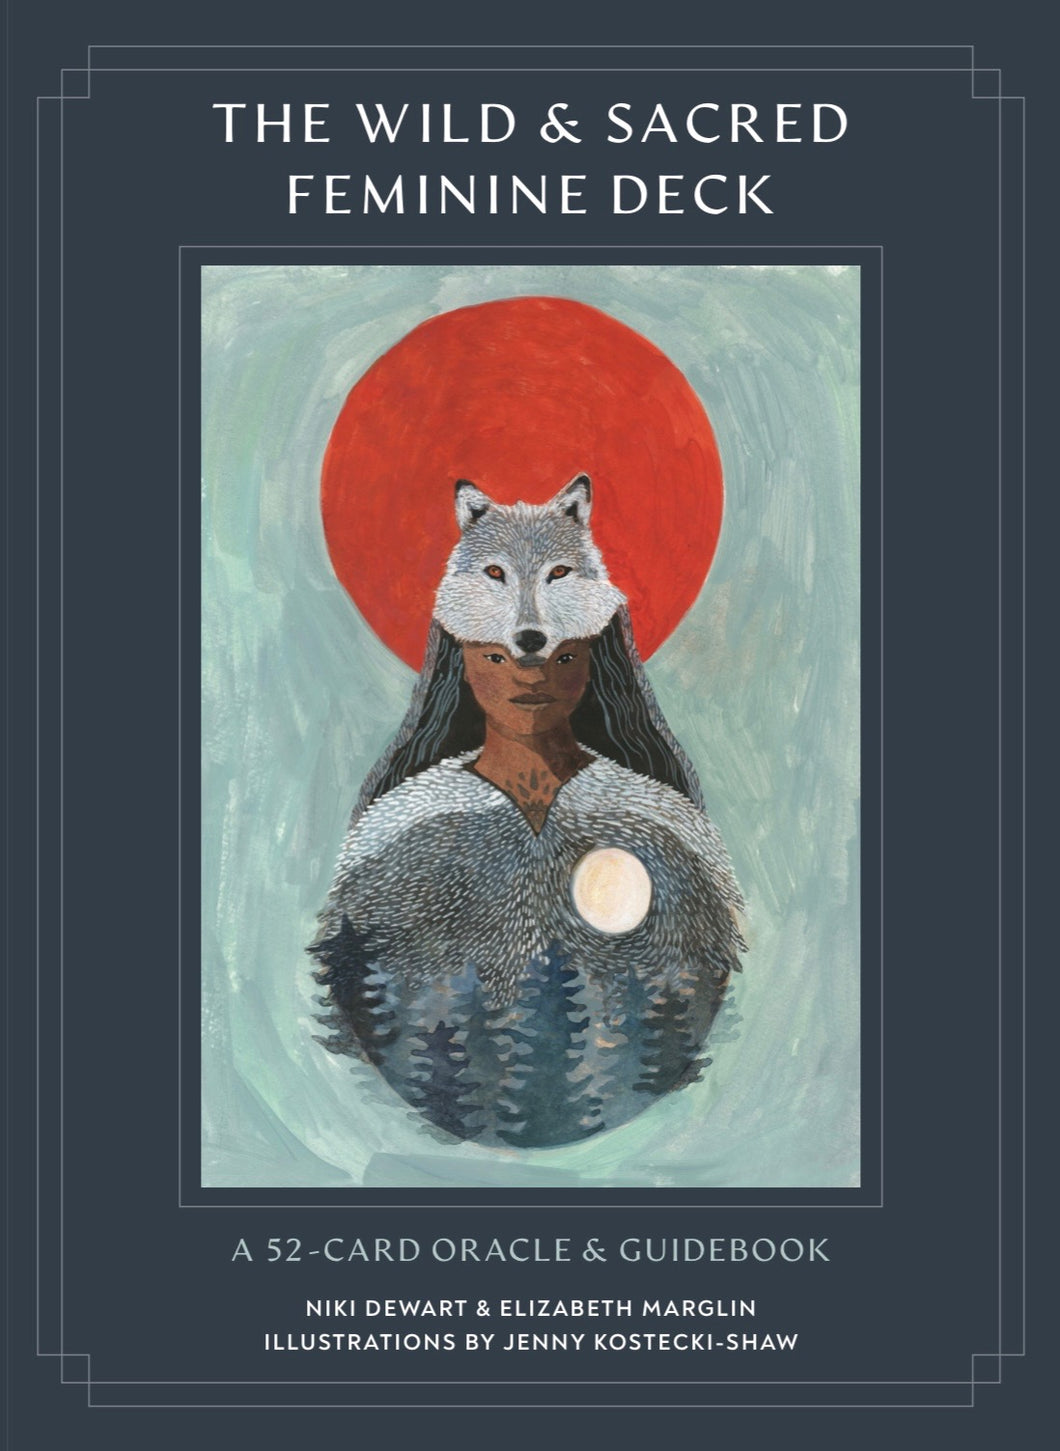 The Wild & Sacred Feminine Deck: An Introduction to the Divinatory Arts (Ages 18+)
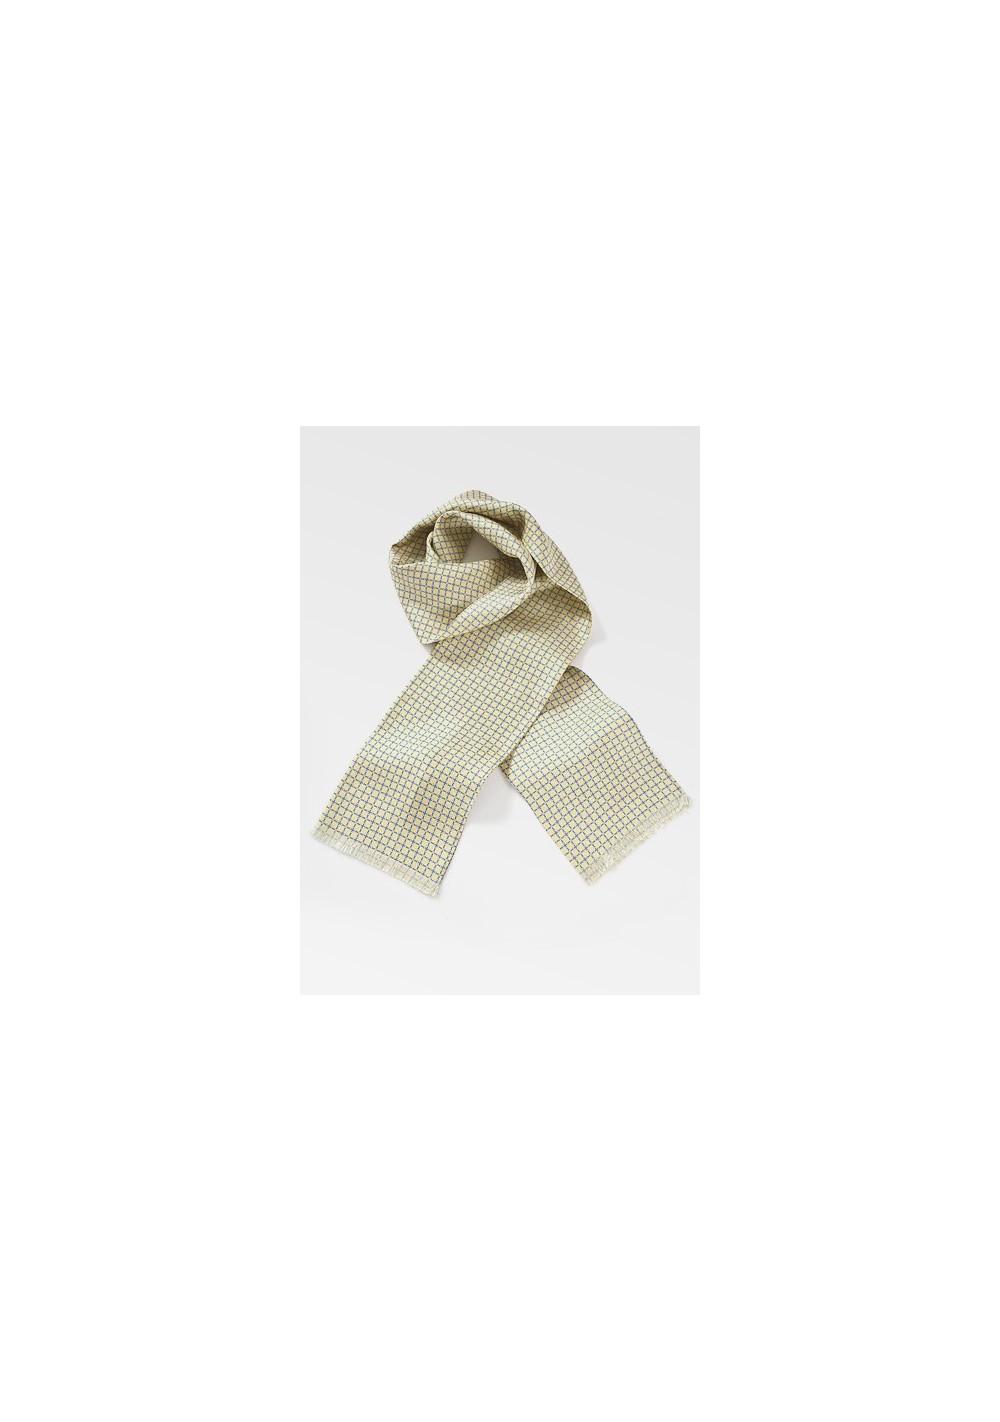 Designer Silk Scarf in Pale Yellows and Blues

* * *

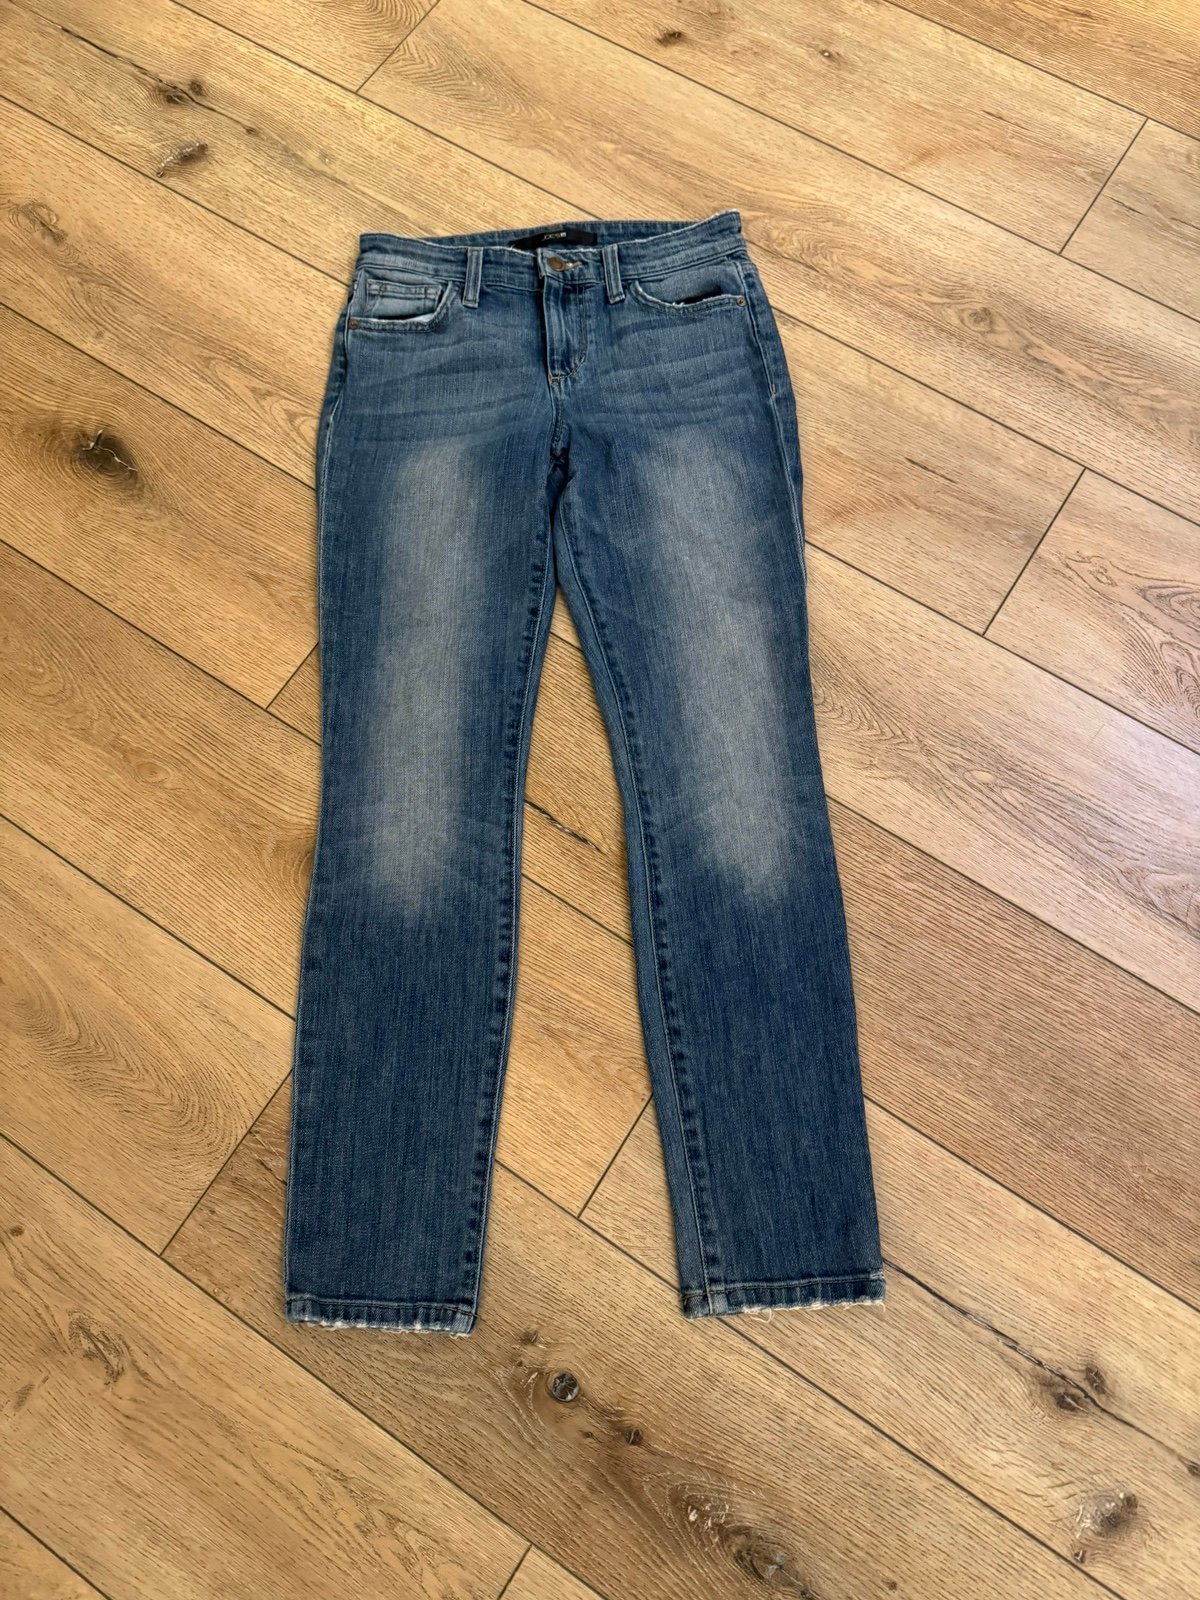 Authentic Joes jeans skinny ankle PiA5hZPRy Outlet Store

§ **Task item**
Beginning with the line above that contains "The Wild & Sacred" and finishing with the line that contains "Designer Silk Scarf", print those lines exactly and only. Skip all pictures.

§ **Exercise result**
 The Wild & Sacred Feminine Deck: An Introduction to the Divinatory Arts (Ages 18+)
 Designer Silk Scarf in Pale Yellows and Blues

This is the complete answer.